Escape!: The Story of the Great Houdini
by Sid Fleischman
Ages 9-12 224 pages Greenwillow August 2006 Hardcover    

Magic entertains, surprises, and tricks. And for some, it fascinates. Harry Houdini was born Ehrich Weiss. Young Ehrich Weiss became fascinated with the magician Jean Eugène Robert-Houdin - so much so that Ehrich added an “i” to Houdin and made it his own. (He was under the impression Houdini, in French, meant, “like Houdin”). For author Sid Fleischman (a Newbery Medalist), the fascination with magic came when reading Harry Houdini’s biography. This developed into traveling with magic shows and, later, this book - Escape!: The Story of the Great Houdini.

Fleischman's biography reveals the life and identity Harry Houdini created for himself. His life was hard at times; he left home at twelve. Over the ensuing tough years, people were out there copying his acts and trying to expose his secrets. Then the troubles in his life changed: he met Bess. He said, “…she has been my luck. I never had any before I met her, and it has been with me ever since.” Whether dangling upside down, being submerged underwater, locked in a wooden box, or curled up inside a custom-designed milk jug, he did entertain crowds worldwide as a magician and escape artist.

Some of the tricks Fleischman documents are his first escape, called the Metamorphosis; the Indian Needle Trick; his milkcan escape; the Chinese Water Torture trick; walking through a brick wall; and making an elephant vanish.
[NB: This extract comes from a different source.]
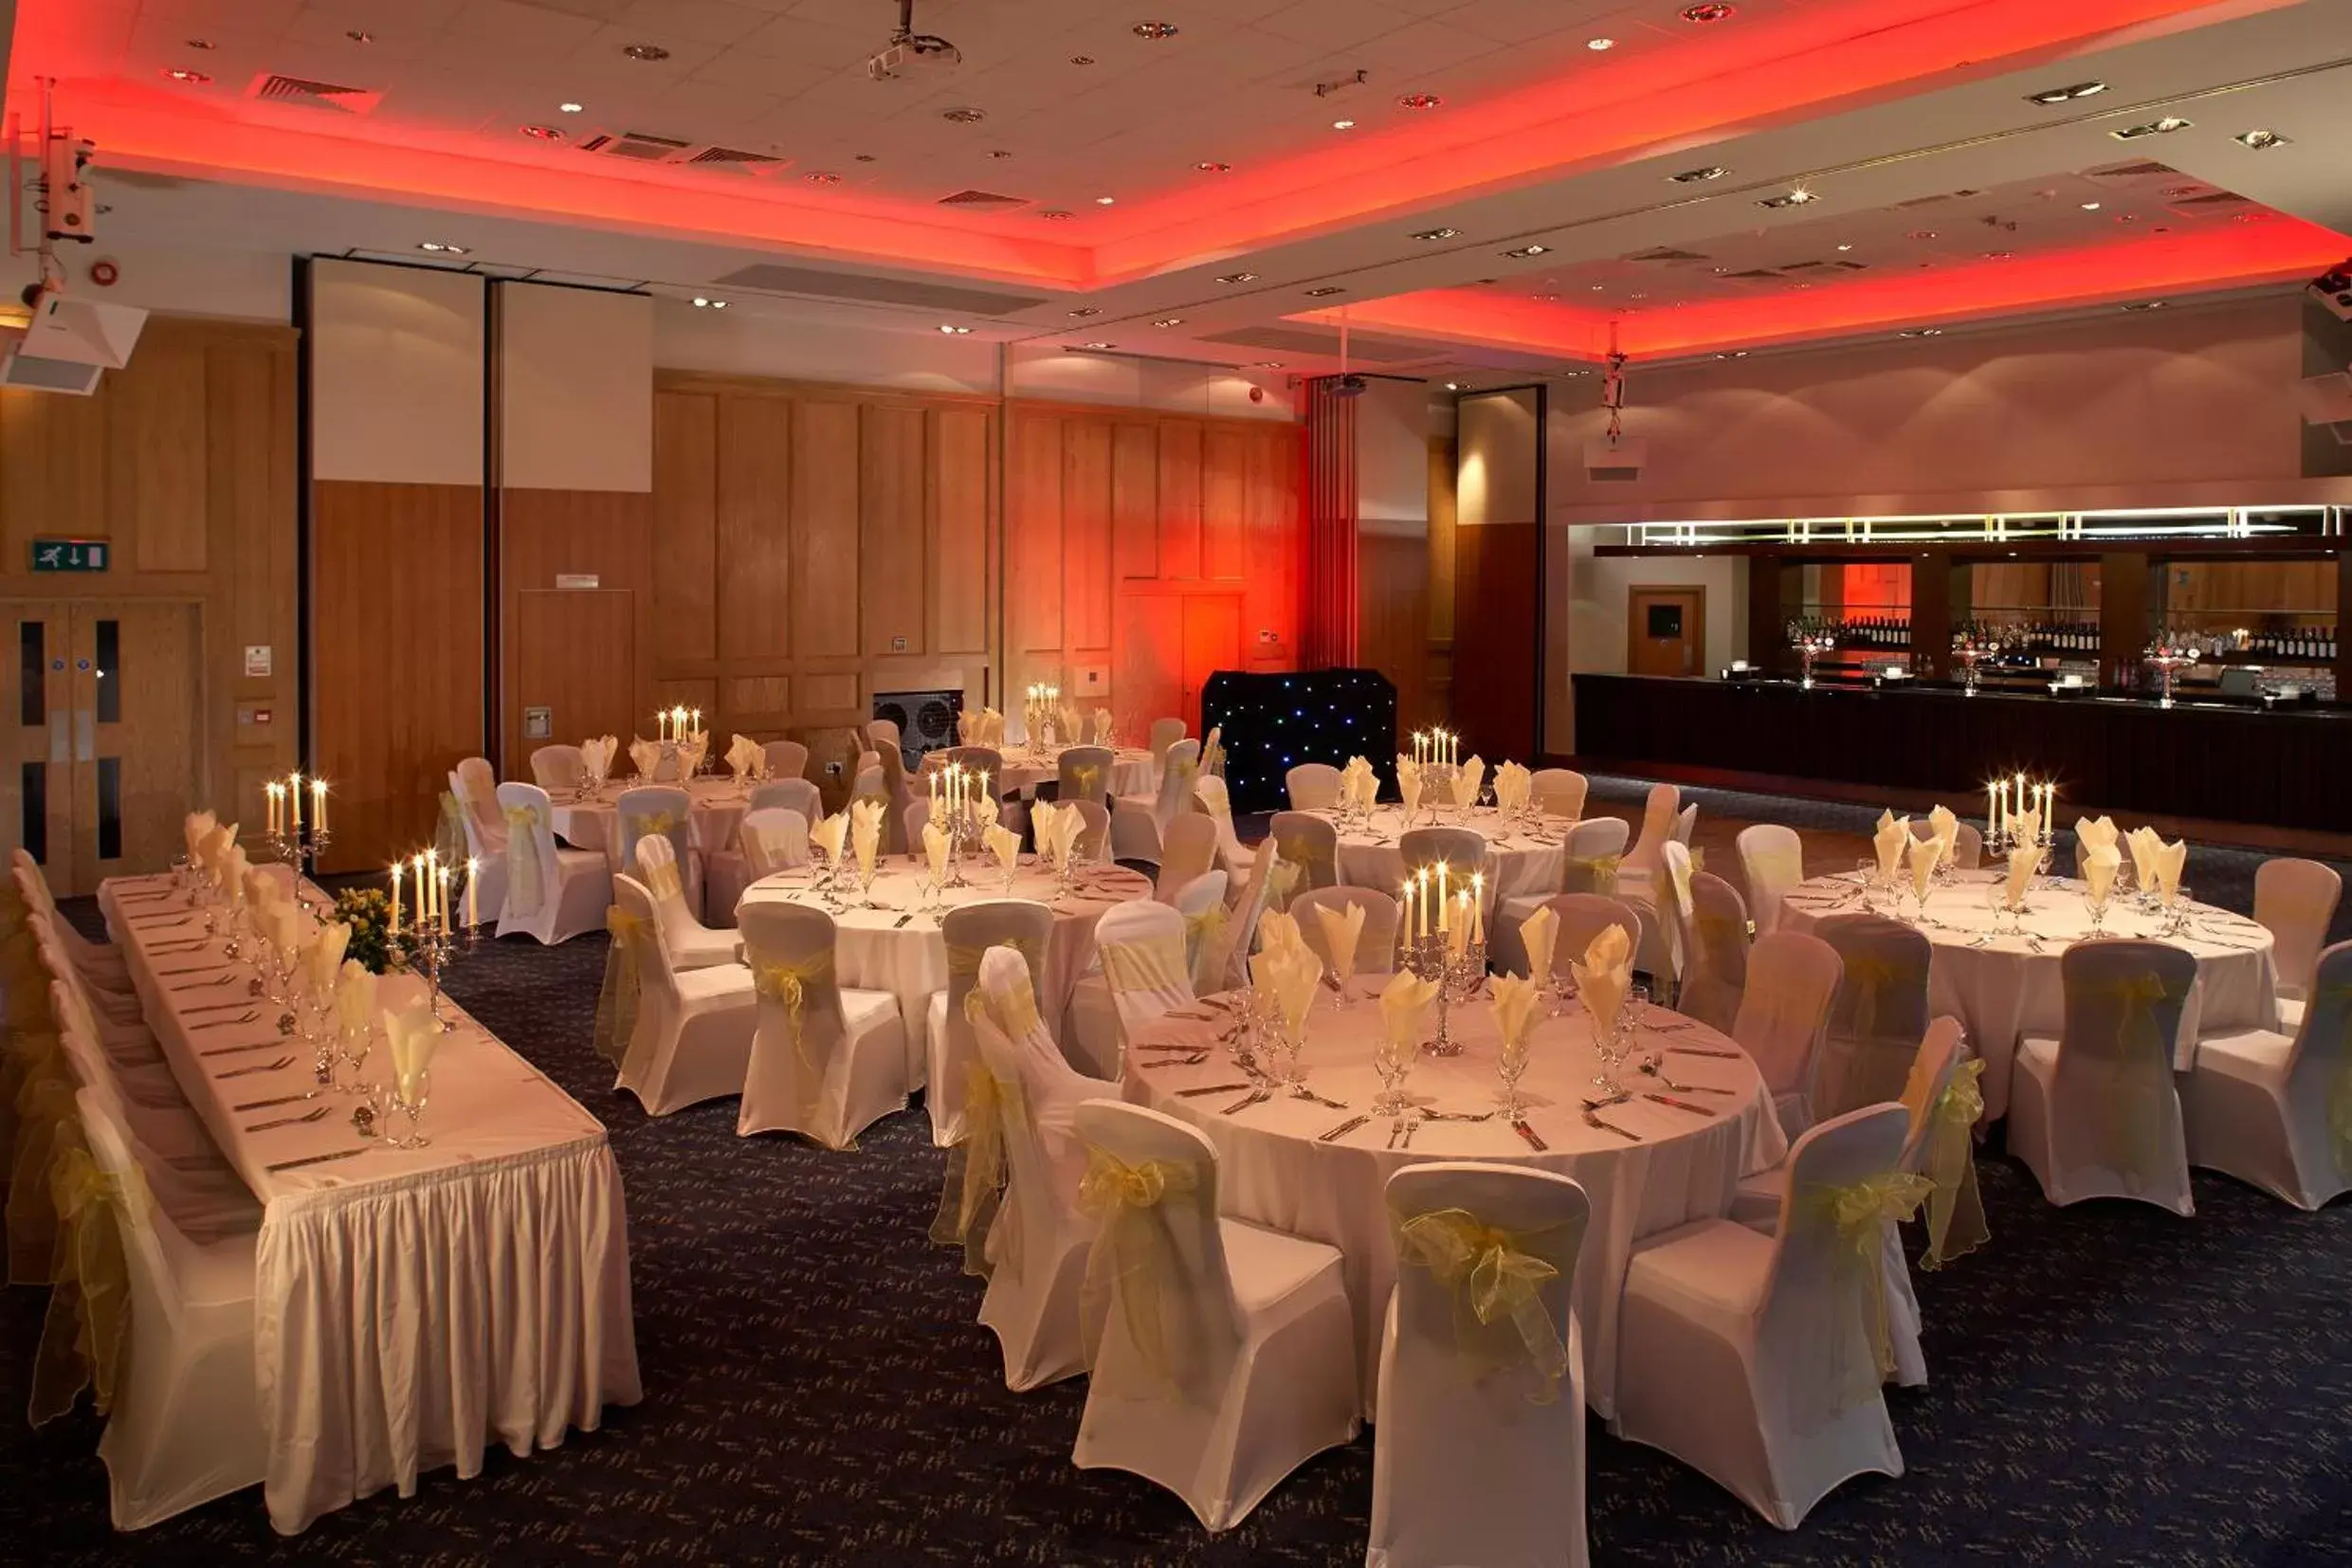 Banquet/Function facilities, Banquet Facilities in Mandolay Hotel Guildford

Harry did venture into other areas of interest. He wrote books (with the help of a ghost writer) and launched a magazine called Conjurer’s Monthly Magazine. He became an actor, too, appearing in many productions performing escapes, just as he perfected in his stage shows. In addition, he made the history books when he flew the first sustained flight in Australia in 1910. Buried today in Queens while Bess is interred in New England, the last days of his life are documented. Also inside are the secret words Houdini told Bess, which were to let her know it was Harry himself who was contacting her from the dead.

The black and white pictures included in the book make statements of their own. What emerges is a man who loved to be in the spotlight, astonishing crowds and causing sensations. Posters show him tied up in a number of ways, by a variety of restraints, doing many stunts. The photographs take us back to when he was a young boy only a few feet tall; beside this picture is a photo of his father, the rabbi. The book ends with a photograph of Harry’s pajama shirt pocket, detailed with the letters HH. Harry’s brother Dash saved this pocket after Harry’s death (it has since been auctioned off).

Bess, his wife, is shown in her young newlywed years and in her later years, after Harry had already died. One such photo takes place on a Halloween night at a séance, the last time Bess tried to contact Harry.

This book is a thoughtful tribute to Harry Houdini. The bibliography in the book will satisfy those wishing to know more details and magic secrets about Harry Houdini, and the phenomenon of magic.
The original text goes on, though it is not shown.